# Social Anxiety - A blessing in disguise!?



## Craig91 (Dec 17, 2012)

... Eventually.

Please read till the end it takes me a while to make my point!

During my teens I had a problem. I had what is called a sensitive pericardium; this is when the sack that surrounds your hear that gives It the environment to function is overly sensitised.

So this issue meant that when I exercised my sensitive pericardium was agitated and made my chest very painful. This restricted the extent to which I could exercise and it limited how I could perform.

I'm a keen football player and whilst I had this problem I found that I could not perform to the level that others could without putting in a lot of training. Even by running 4-5 times a week I struggled to be as fit as those that did little or nothing.

So where is this going? Well...

Once I finally grew out of this problem I began to find that I was so much fitter than others. My baseline fitness was better and because I had the capacity to train hard I could be one of the fittest on the football pitch!

So what on earth does this have to do with social anxiety?

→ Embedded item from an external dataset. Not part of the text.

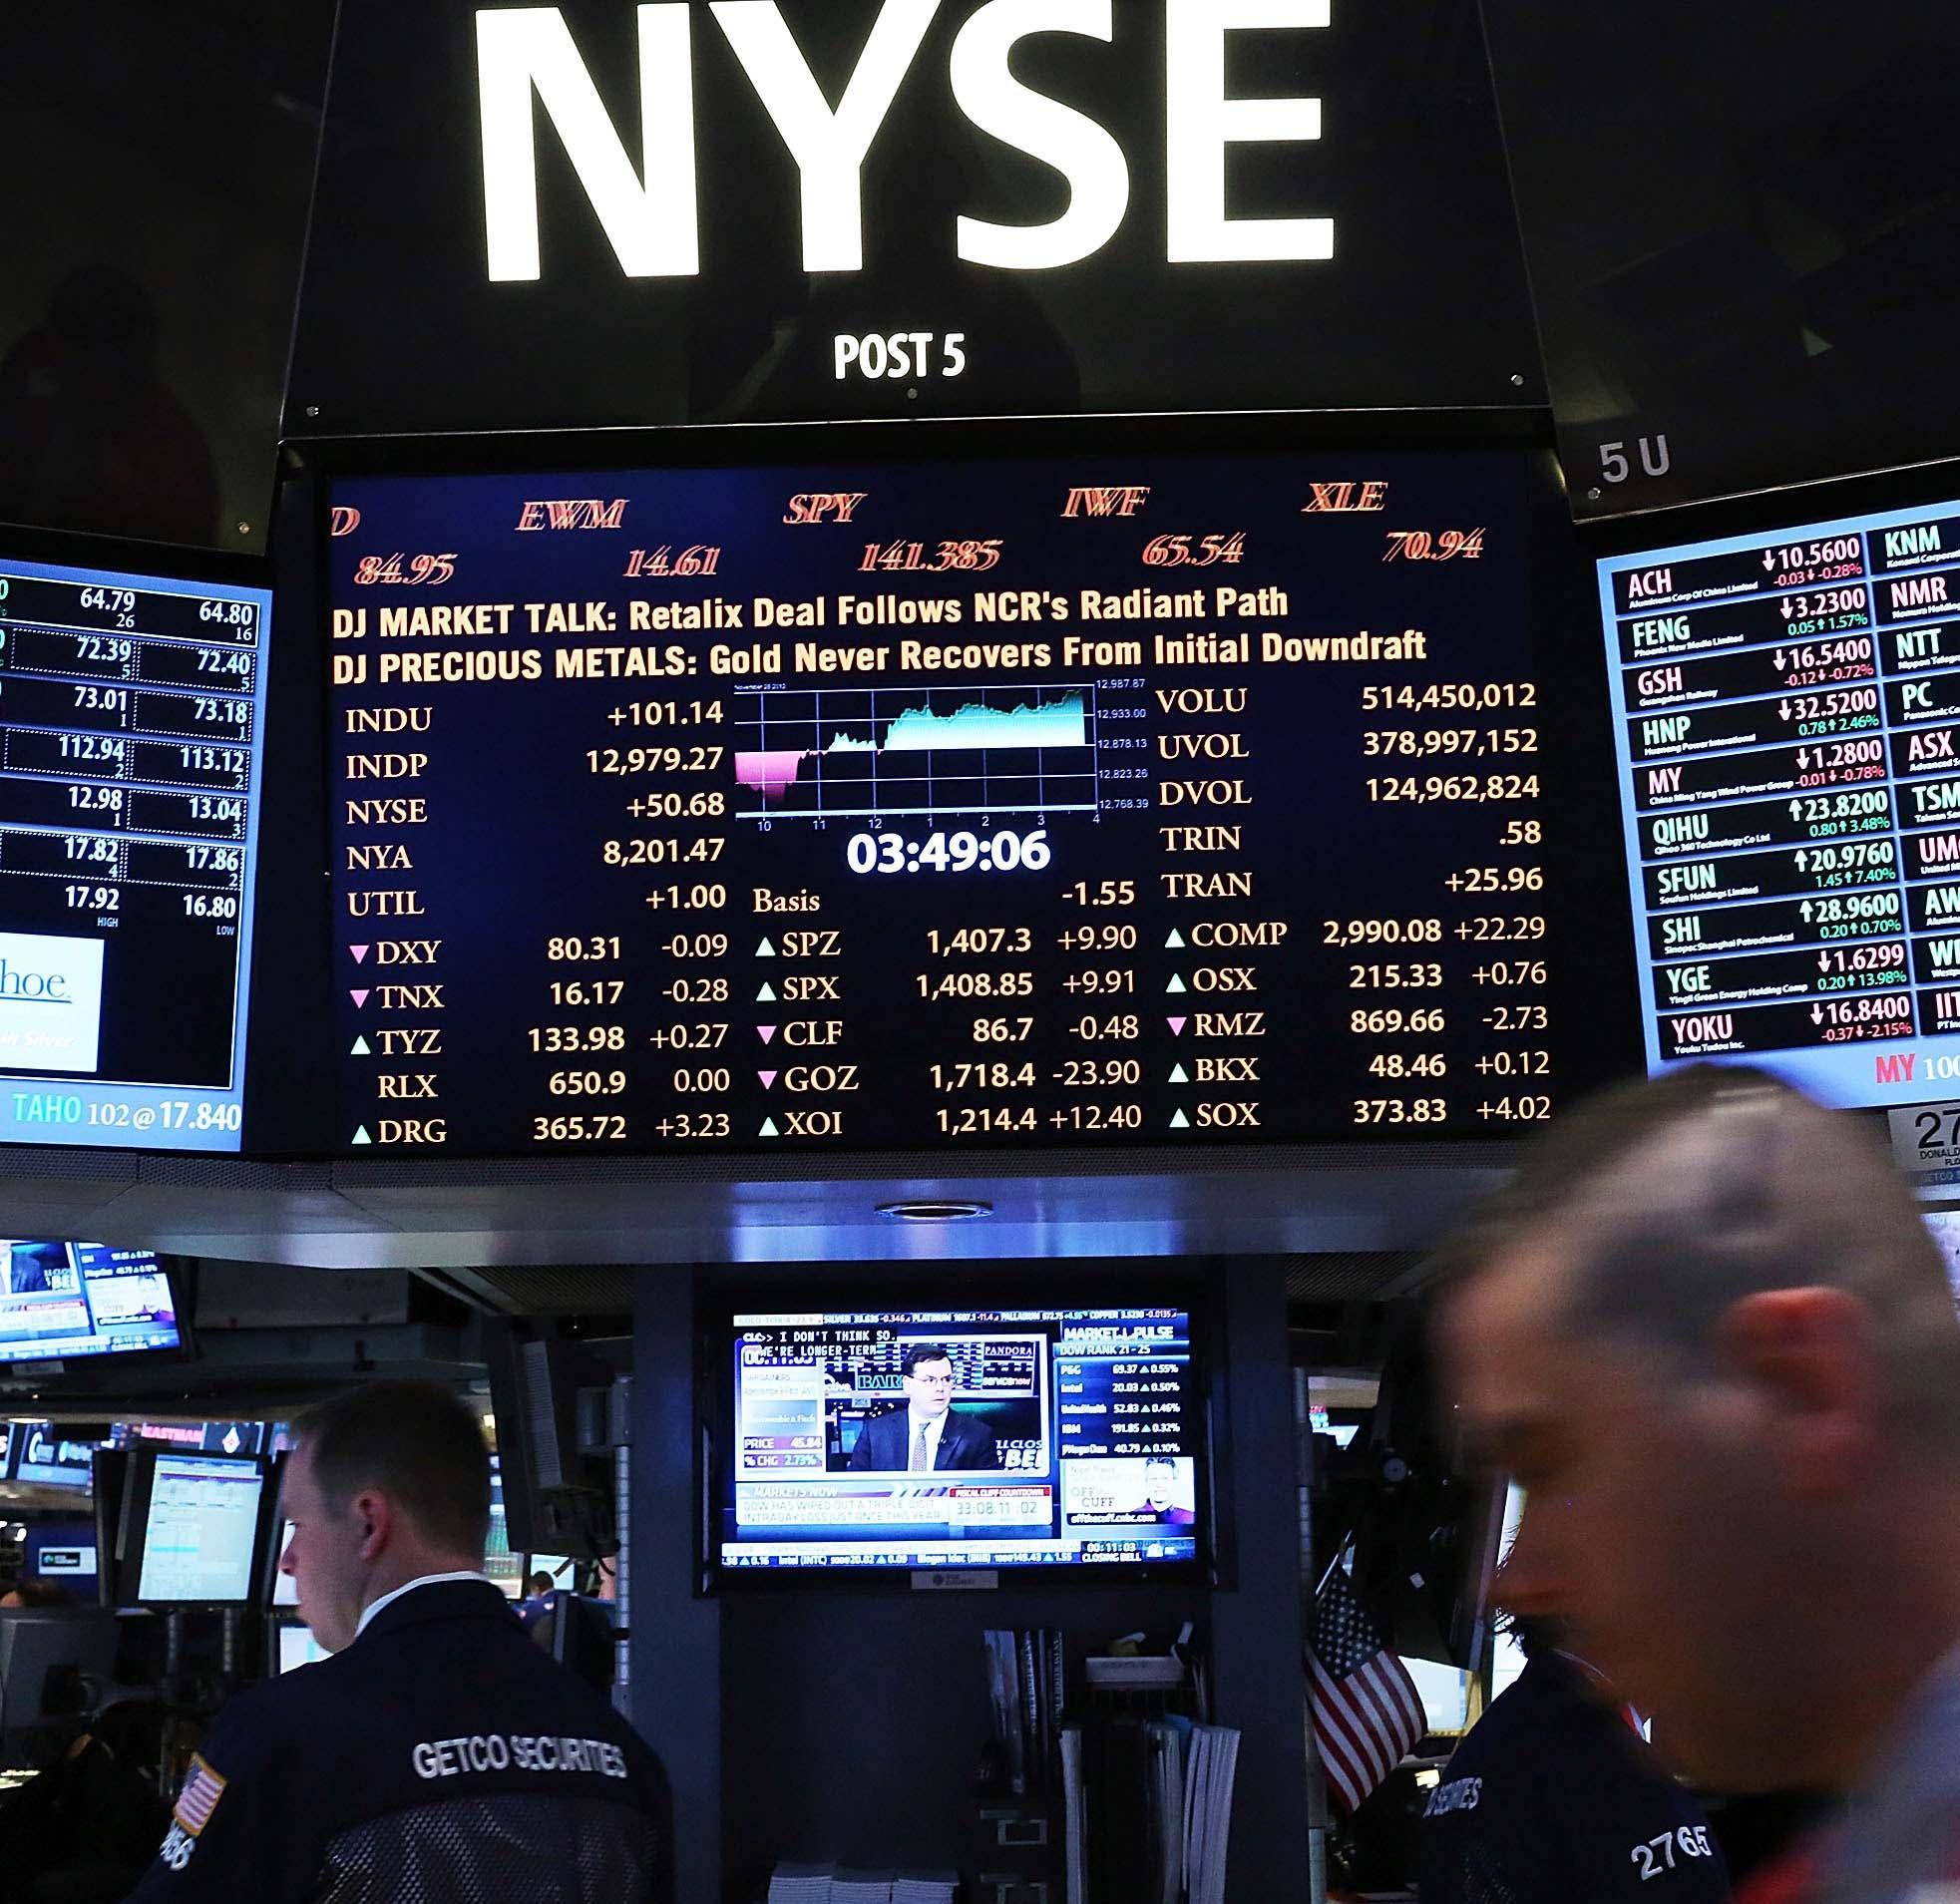 بورس نیویورک (NYSE)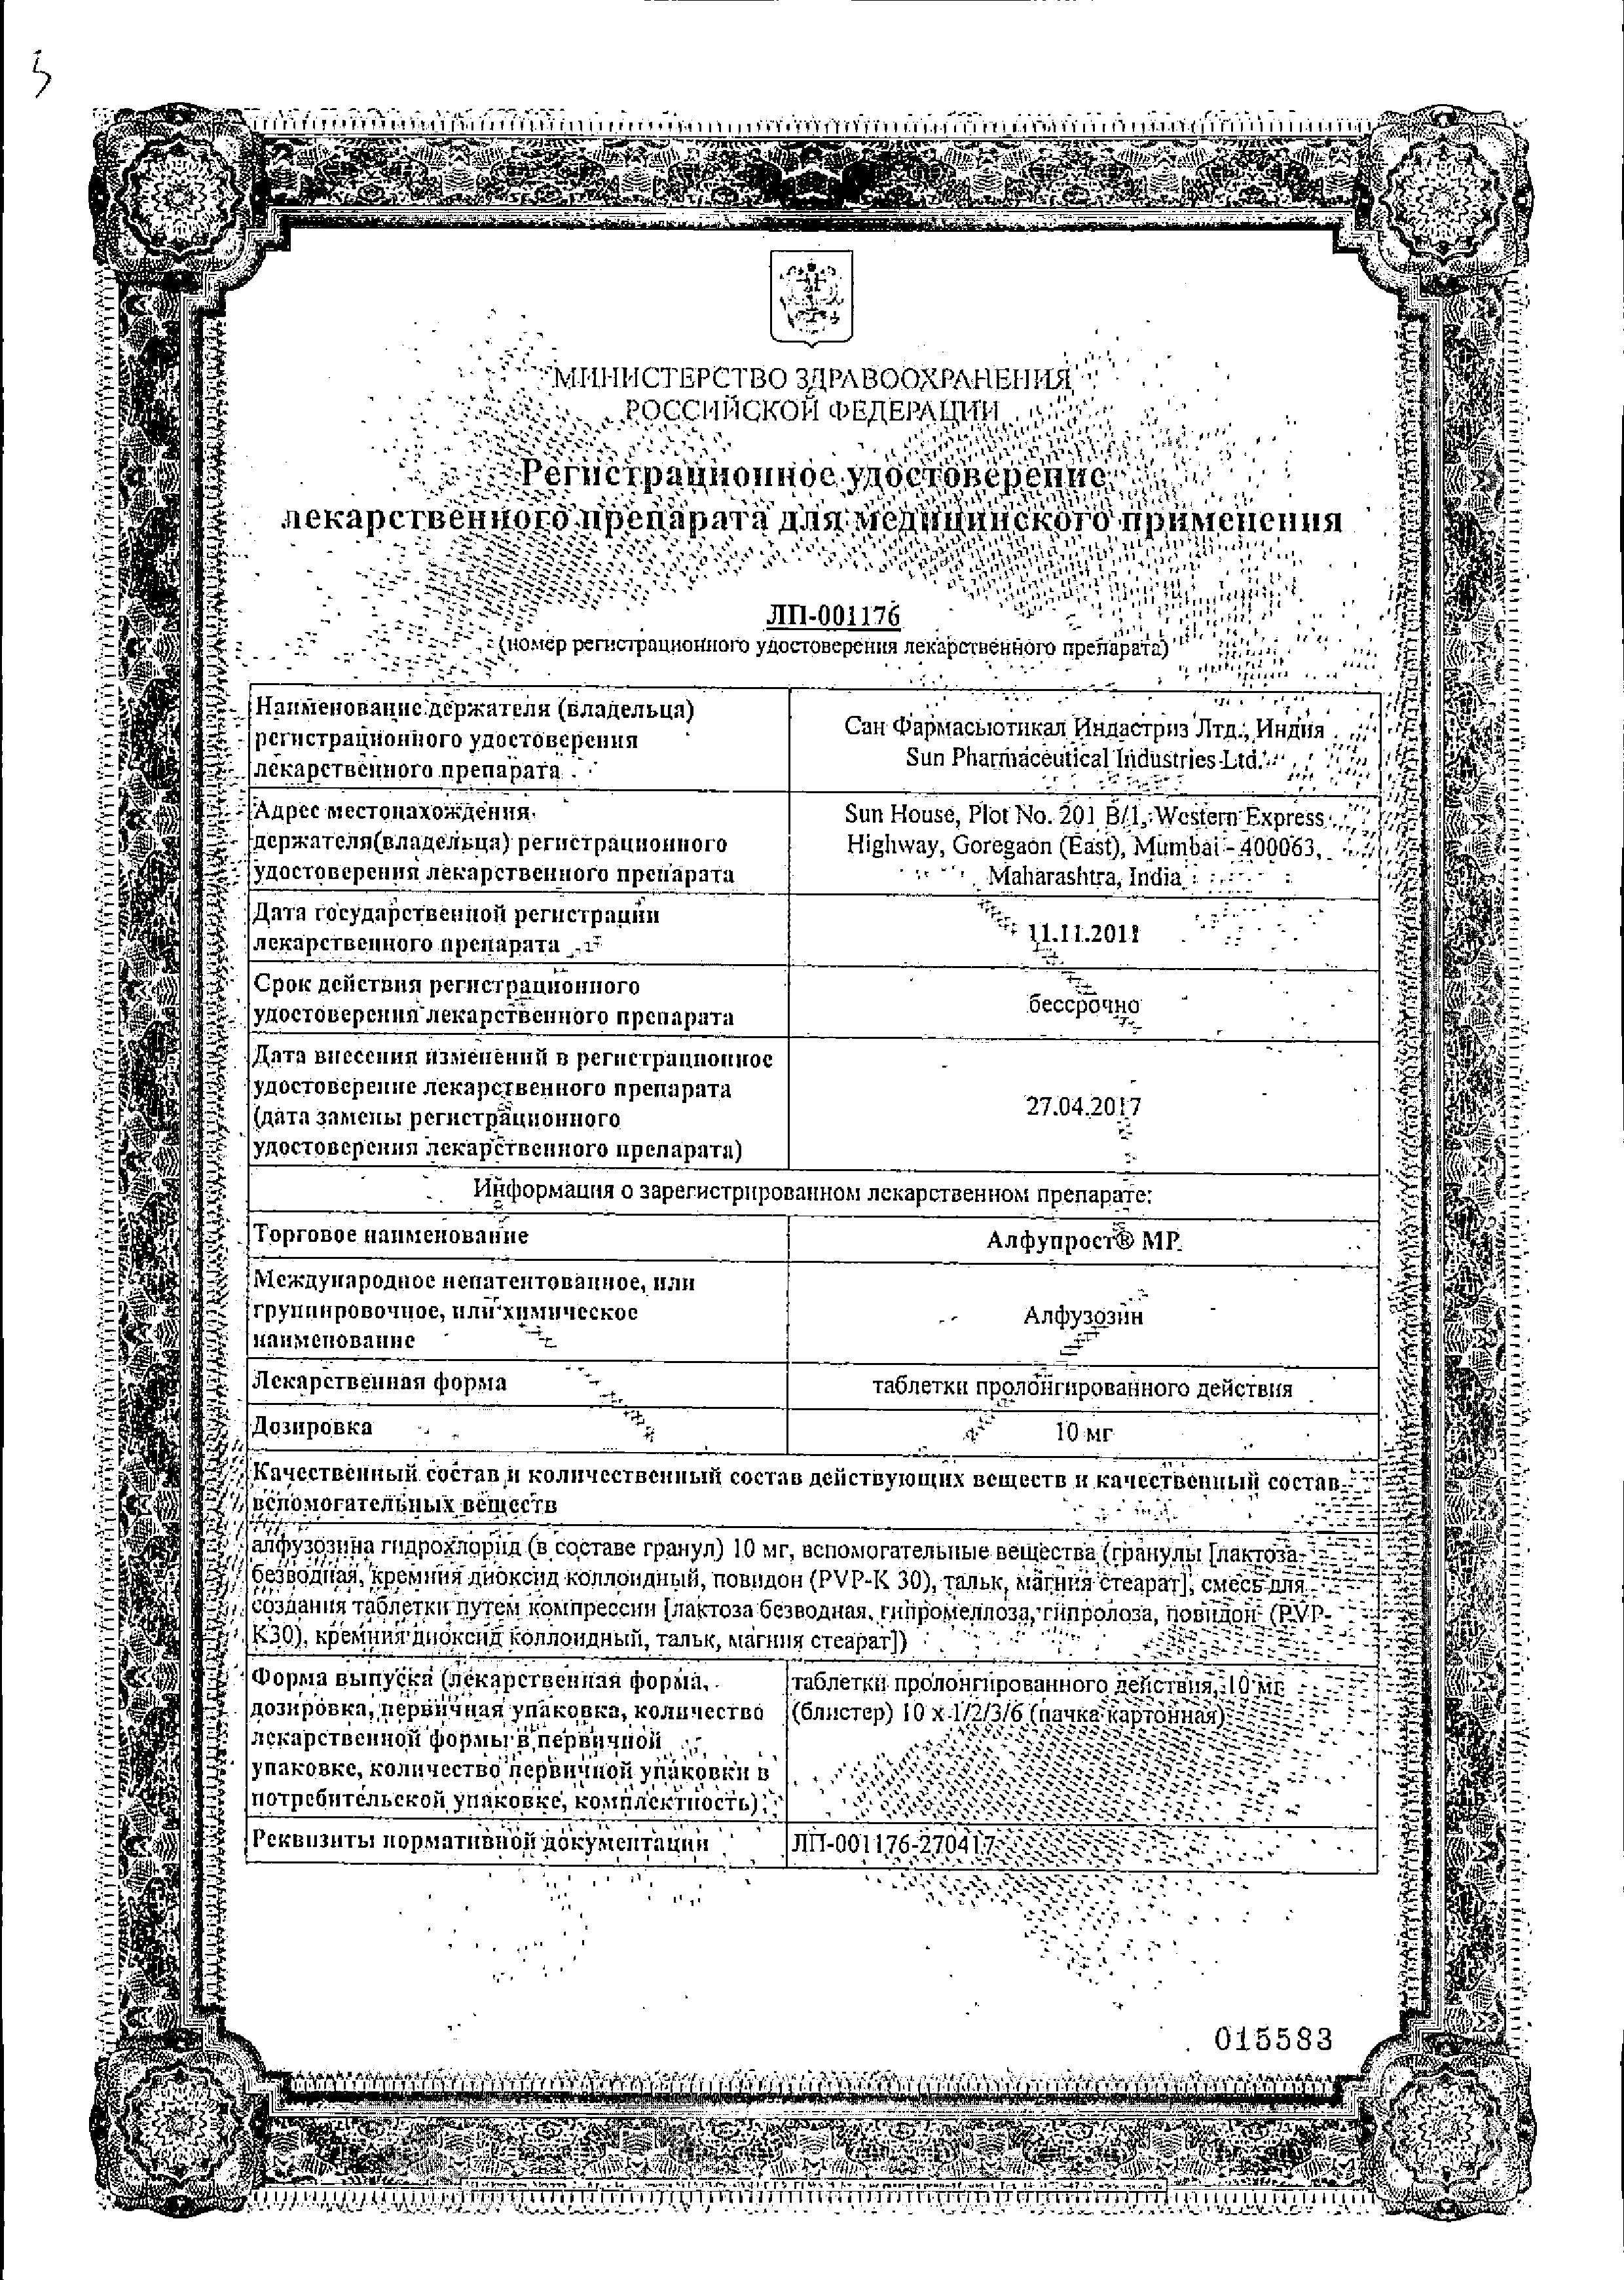 Алфупрост МР сертификат

My thinking is that because of all the effort I've been putting in to getting better, understanding other people and how to make people comfortable around be will eventually be beneficial. I hope that one day I will see the benefits and appreciate the effort.

Character building is what I'm alluding to. Lets hope that once we have overcome social anxiety we will be very strong because of it.

It may seem like wishful thinking but I beats the alternative.

Thank you for reading to the bottom!


----------



## Andrew4 (Sep 23, 2012)

I don't know if I'd call SA a blessing in disguise because it has robbed so many people of so much. But I do agree with your line of thinking in that once the SA is gone it gives us a better perspective on life. I think the ability to read people, connect with them, emphasize, listen, and know where they are coming from/feeling when they have problems is something positive that I will walk away with. I've also developed a wicked sense of observation. Other than that I'm not sure there are too many positives lol, but yes I think an overall increased awareness of just life in general is a plus.


----------



## labrador (Aug 9, 2012)

SA has made it possible for me to be very empathetic to somone in distress. That is a blessing.


----------



## Nonombre (Jan 4, 2013)

labrador said:


> SA has made it possible for me to be very empathetic to somone in distress. That is a blessing.


I absolutely agree with this.


----------



## xxsnapshot (Dec 18, 2011)

In bad situations, you can do one of two things. Let it beat you down, or beat it which will therefore making you stronger.

So yeah depending on how you react to the situation, it could effect you negativly or positivly in the end.


----------



## SVIIC (Apr 15, 2005)

Yeah... definitely a possible thing, IF... we actually "get better", because until then we're probably even worse than normal people because we can't even deal with our own problems let alone other people's.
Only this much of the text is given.